UNIVERSITY OF SOUTHERN QUEENSLAND
CSC8003 – Machine learning, S2 2017
Epileptic EEG Data Classification
Due date: 28 August 2017.
1. Assignment outline
In this assignment, you need do a classification for epileptic electroencephalograph (EEG) signals using the supervised machine learning techniques you learnt in the CSC8003 course. During this assignment, you need submit one report before its deadline to achieve the 20% assessment.
2. Background knowledge and Data description
What is Epileptic EEG Data Classification?
Epileptogenic localization is a critical factor for successful epilepsy surgery. Therefore, it is meaningful to classify the epileptic EEG Data and nonepileptic EEG Data accurately. The main process for EEG data classification can be seen in Figure 1. Our assignment only covers the classification stage.
Figure 1: EEG Data Classification
Your target in this assignment is classifying the epileptic EEG Data and nonepileptic EEG Data based on given features set.
At the beginning of the assignment, 9000 cases of patients’ data are given as attachments. They include 6000 cases training data and 3000 cases testing data. For all the 9000 cases, there are 8 data sets which are feature data sets(x1, x2, x3, x4, x5, x6, x7 and x8). In addition, for each case, there is a label to show whether it is an epileptic EEG Data (S) or nonepileptic EEG Data (N).
The 8 feature data sets are calculated from the raw EEG data using 8 different feature extraction methods (First Quartile Q1, Third Quartile Q3, Q1-Q3, Standard Deviation, Min, Max, Mean and Median). However, all the feature data x1 from different cases are calculated by the same feature extracting method. So do x2, x3, x4, x5, x6, x7 and x8.
In this report, the following content should be covered:
• Survey about machine learning application on epileptic EEG Data classification. The survey should only focus on the machine learning application on feature selections and model building. Not necessary for feature extraction.
• Analyze the data sets given in this assignment, what are their features?
• According to the data sets and survey, discuss which machine learning methods you will use in this assignment and show the reasons. You need selected two methods from the following options:
1. Decision Tree
3. Neutral networking
4. Support vector machines
• Use the machine learning methods you selected to process the training data sets and briefly analysis which data set is useful for EEG Data classification. The data set here means feature set, for example, x1 feature set. In training set, the x1 feature set has 6000 values.
• According to the labels, two machine learning methods are discussed and used to do the EEG Data classification based on training data sets.
• The feature selection methods and model building results need to be presented in your report clearly. You need add key equations, figures or tables to present your methods and results. The programming codes and supporting figures or excel data should be presented in the appendix part of the report.
• The performance of your classification methods is evaluated based on testing data sets and their labels. The results should be presented in tables or figures.
• You should comparing the results which are obtained by two different machine learning results. Discuss the advantages and disadvantages of your two machine learning methods used in this assignment separately.
• The report includes more than 1100 words but less than 8 pages (except title page, table of content, appendix and reference list).
For each report, you should save all your documents in one PDF document.
Please submit the report via “Assignment1 submission portal links” on the StudyDesk before the deadline.
You are allowed to submit only once. Make sure that the file you submit is the correct file and the correct version.
5. Marking Criteria
The Marking Criteria is presented in another file:Assignment1 marking rubric.
• The machine learning methods you used in this assignment should not be out of our course materials.
• You are encouraged to use Matlab to do the programming code for this project. You can also use other software. However, you may not obtain advising nor feedback from teaching staffs for your code.
• The experimental results are not the most important.
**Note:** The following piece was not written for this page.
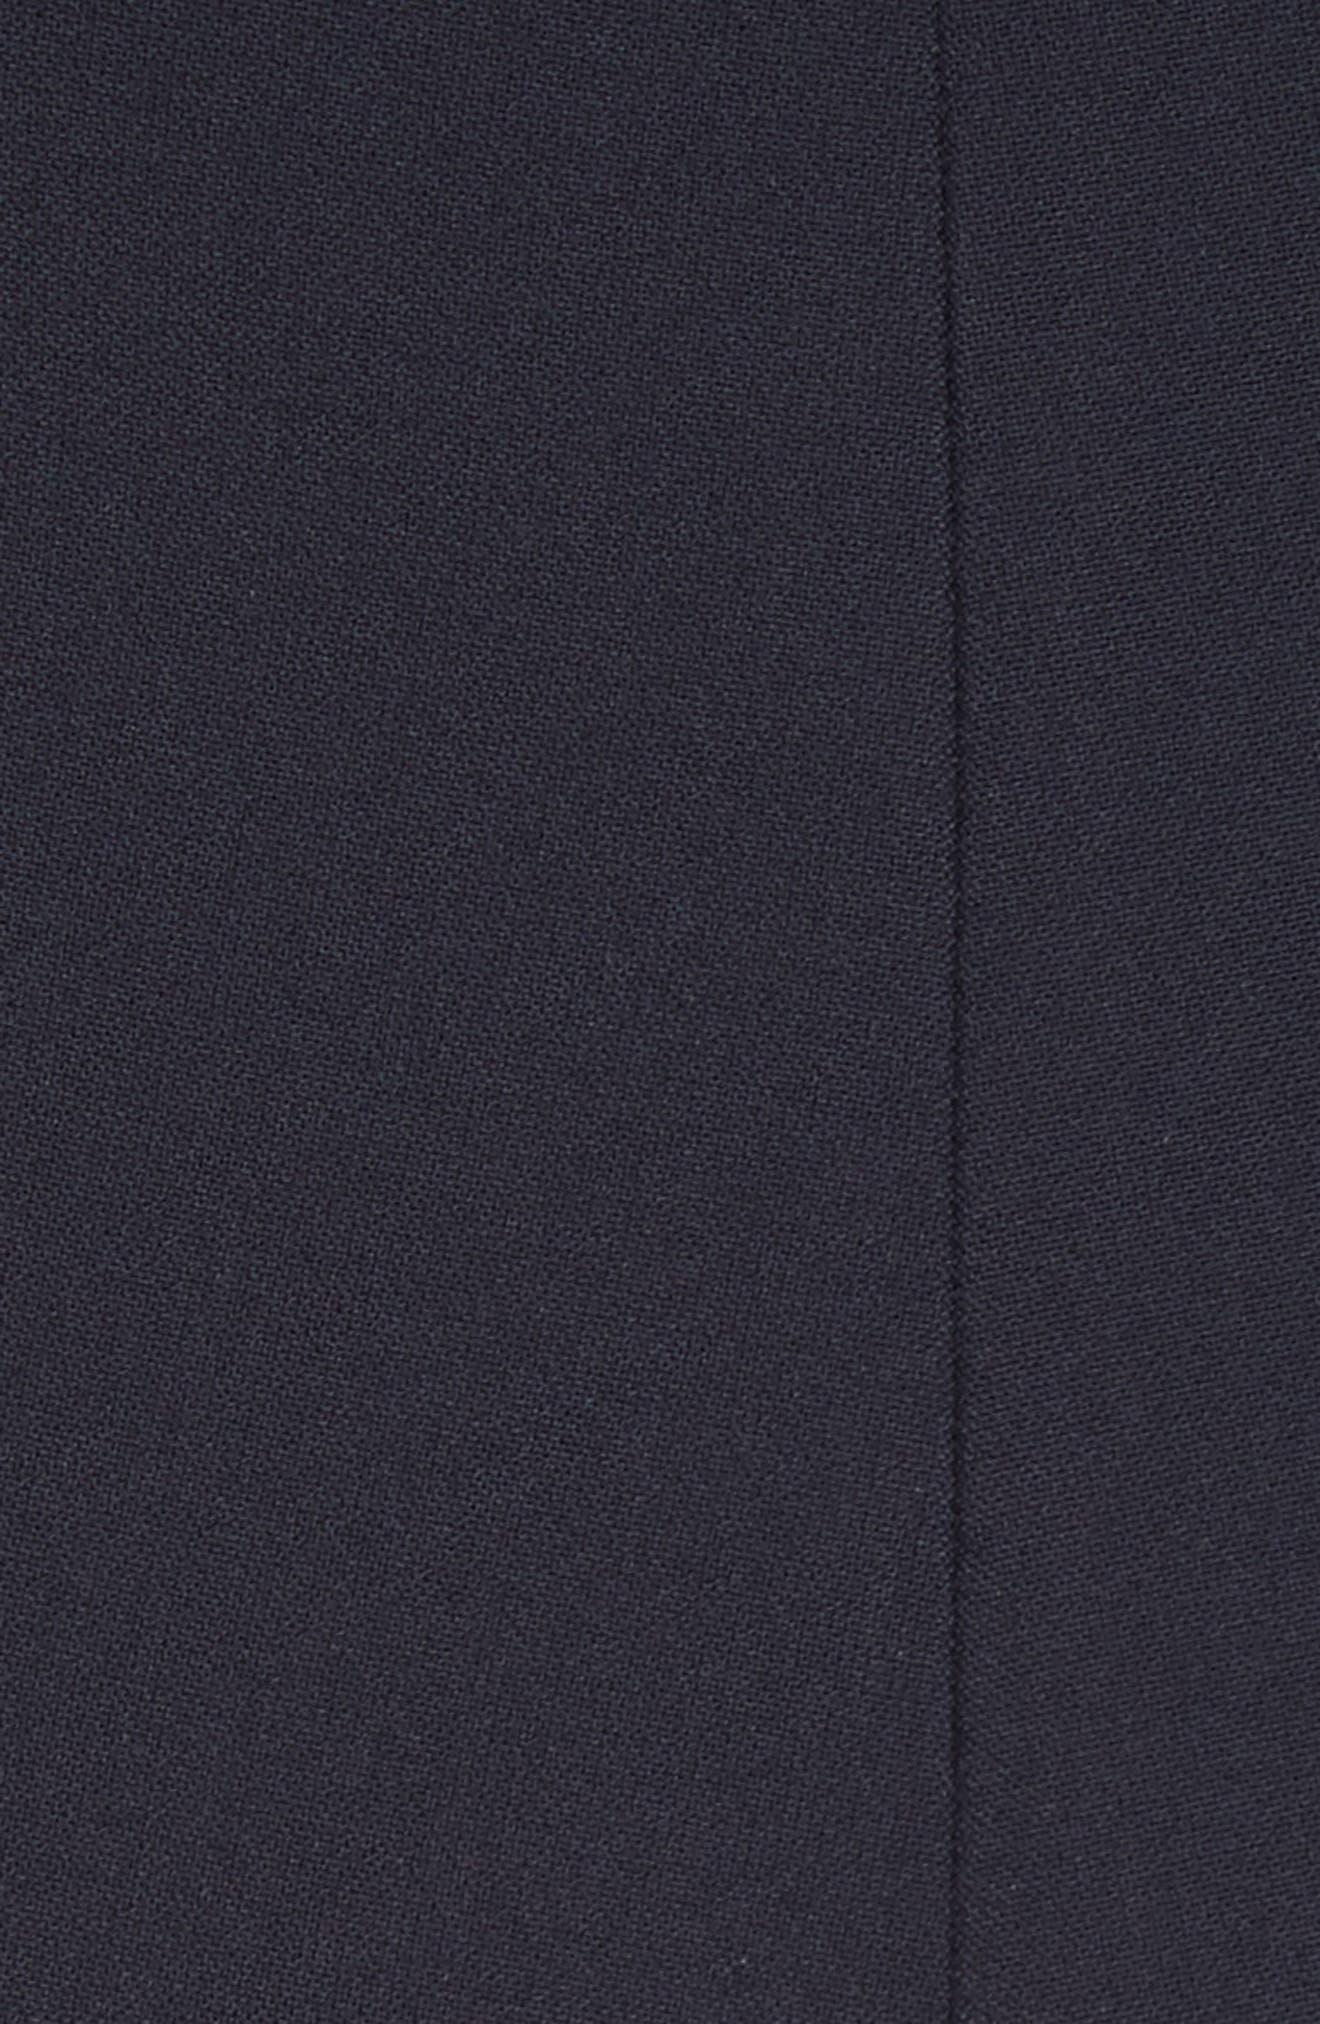 Foldover One Shoulder Jumpsuit,                             Alternate thumbnail 5, color,

The analysis and deep thinking about machine learning methods application are more significant. To obtain full mark, you should present your analysis and your deep understanding clearly and logically.
6. Plagiarism and Academic Misconduct
USQ has zero tolerance to academic misconduct including plagiarism and collusion. Plagiarism refers to the activities of presenting someone else's work as if you wrote it yourself. Collusion is a specific type of cheating that occurs when two or more students exceed a permitted level of collaboration on a piece of assessment. Identical layout, identical mistakes, identical argument and identical presentation in students' assignments are evidence of plagiarism and collusion. Such academic misconduct may lead to serious consequences, such as:
• Required to undertake additional assessment in the course
• Failed in the piece of assessment
• Awarded a grade of Fail for the course
• Withdrawn from the course with academic penalty
• Excluded from the course or the program for a period of time
Refer to USQ Policy Academic Misconduct- for further details.